27th President of the PZPN
- Incumbent
- Assumed office 18 August 2021
- Preceded by: Zbigniew Boniek

Personal details
- Born: Cezary Andrzej Kulesza 22 June 1962 (age 64) Wysokie Mazowieckie, Poland
- Height: 1.76 m (5 ft 9 in)
- Occupation: Footballer; Football administrator; Businessman;

Association football career
- Position: Midfielder

Youth career
- Gwardia Białystok

Senior career*
- Years: Team / Apps / (Gls)
- 1981–1982: Gwardia Białystok
- 1982–1984: Olimpia Zambrów
- 1984–1987: Mławianka Mława
- 1988–1990: Jagiellonia Białystok / 14 / (0)
- 1990: Jagiellonia Białystok II
- 1991: Royal Aubel
- 1992: Jagiellonia Białystok II
- 1992–1993: MZKS Wasilków
- 1995–1996: Supraślanka Supraśl

= Cezary Kulesza =

Polish football administrator (born 1962)
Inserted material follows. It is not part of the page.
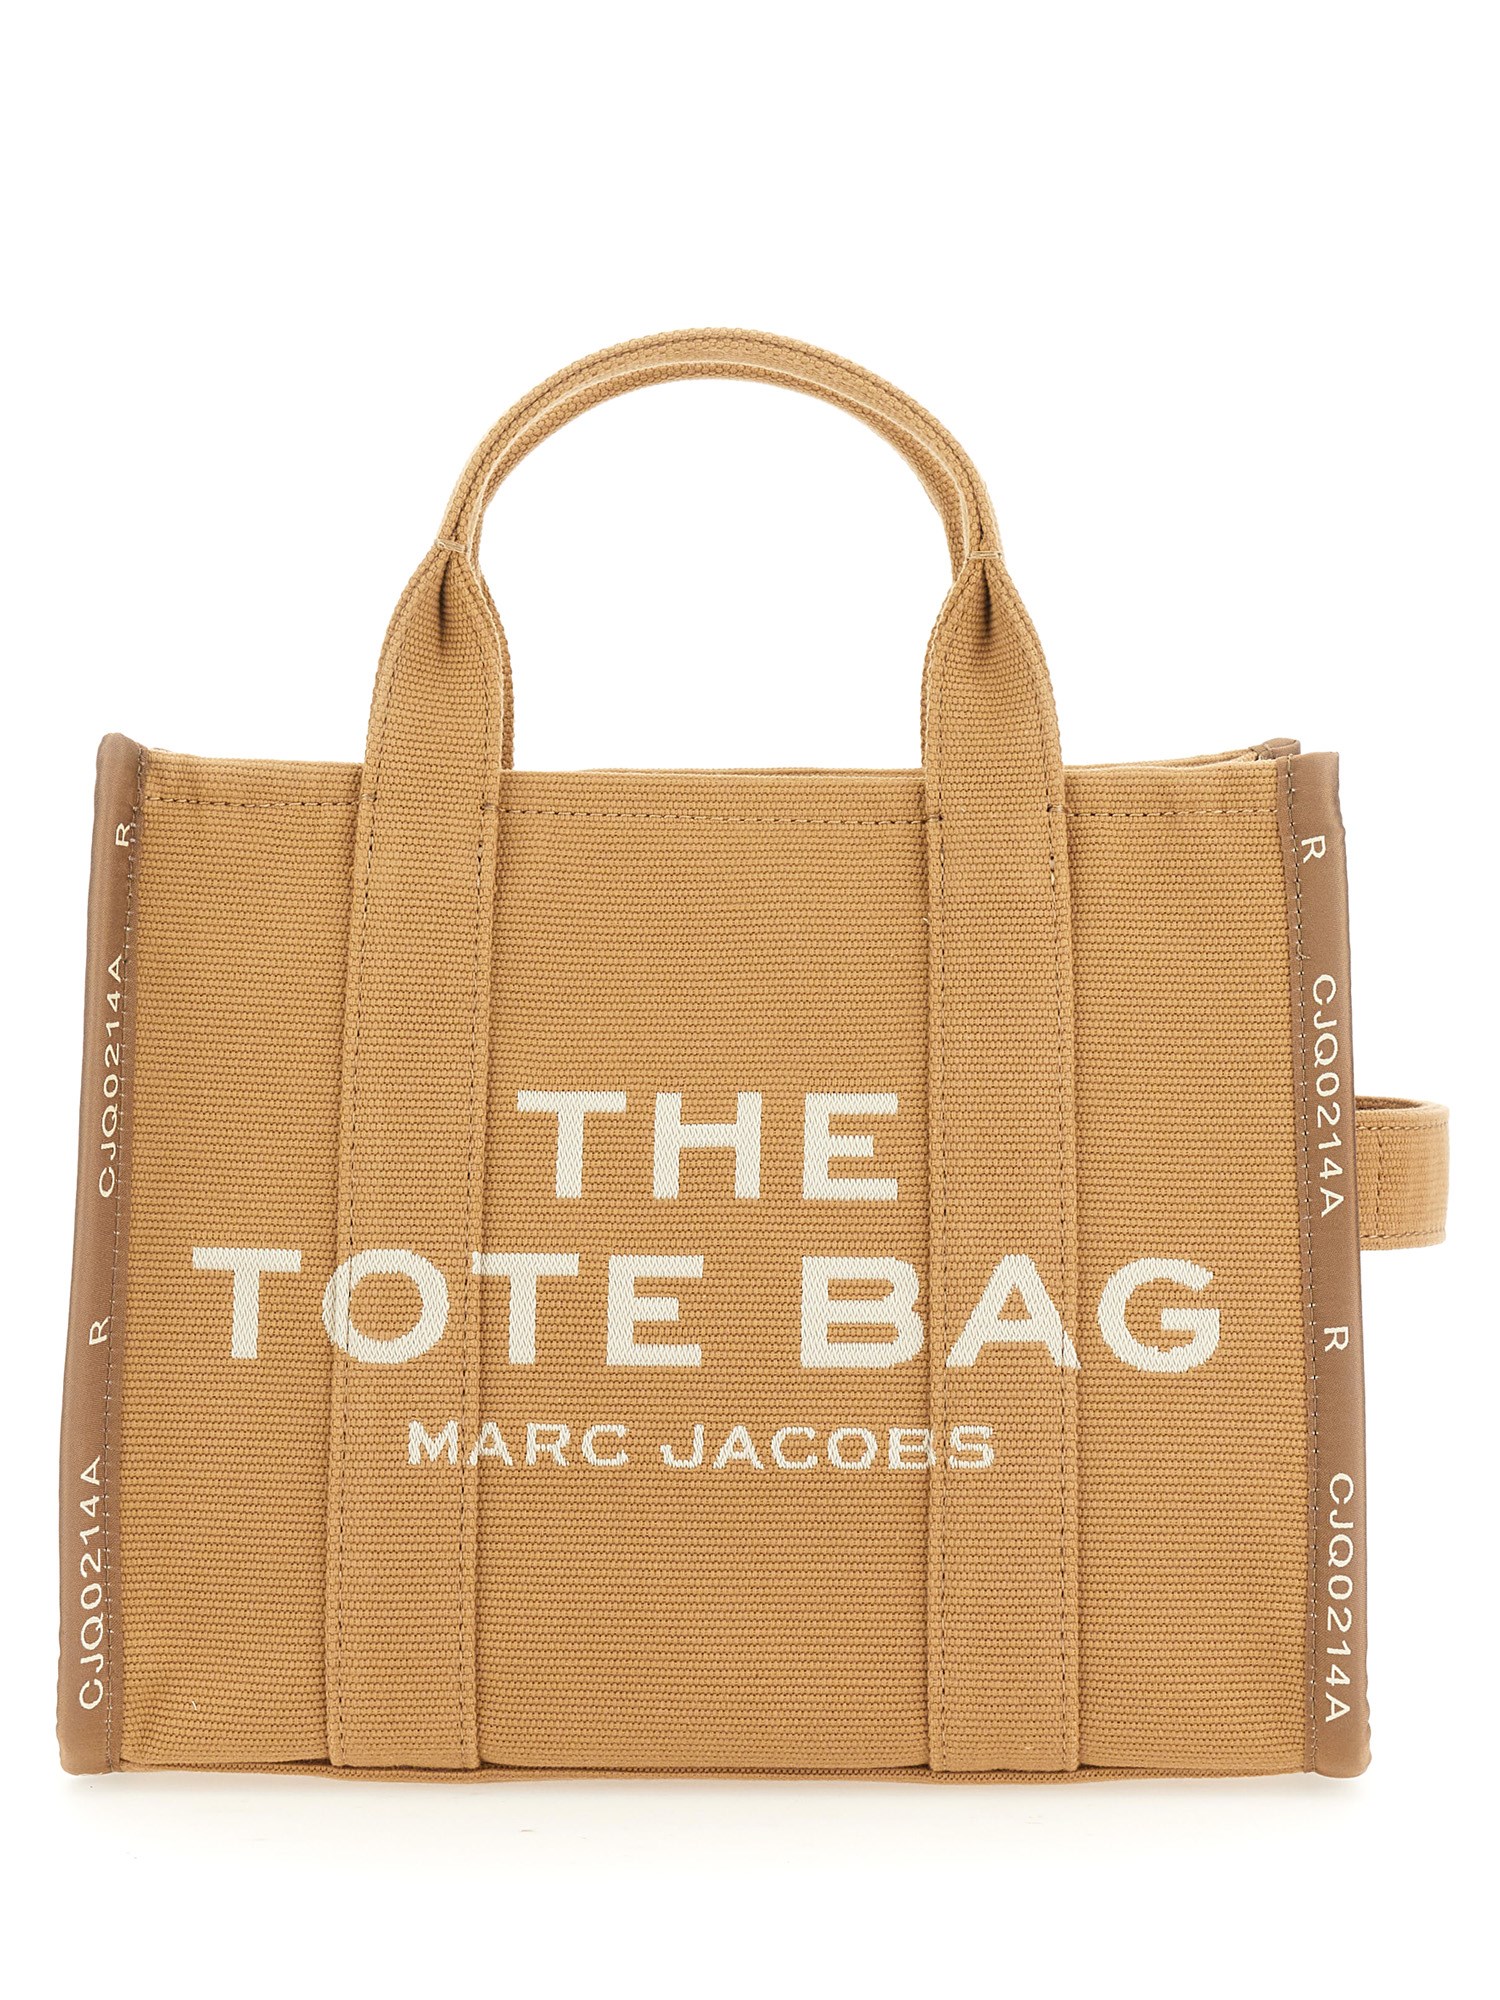 marc jacobs the tote medium bag

Cezary Andrzej Kulesza (born 22 June 1962) is a Polish football executive and former player, currently serving as the president of the Polish Football Association (PZPN). He played in the Ekstraklasa and was the chairman of Jagiellonia Białystok from 2010 to 2021.

== Football career ==
Kulesza played as an attacking midfielder and forward. He began his football journey with Gwardia Białystok, joining the senior team at the beginning of the 1981–82 season. In 1982, he transferred to Olimpia Zambrów, where he made 13 appearances in the third division during the 1982–83 season. In 1988, he moved from Mławianka Mława to Jagiellonia Białystok, where he played 14 matches in the top division and participated in the losing final of the 1988–89 Polish Cup.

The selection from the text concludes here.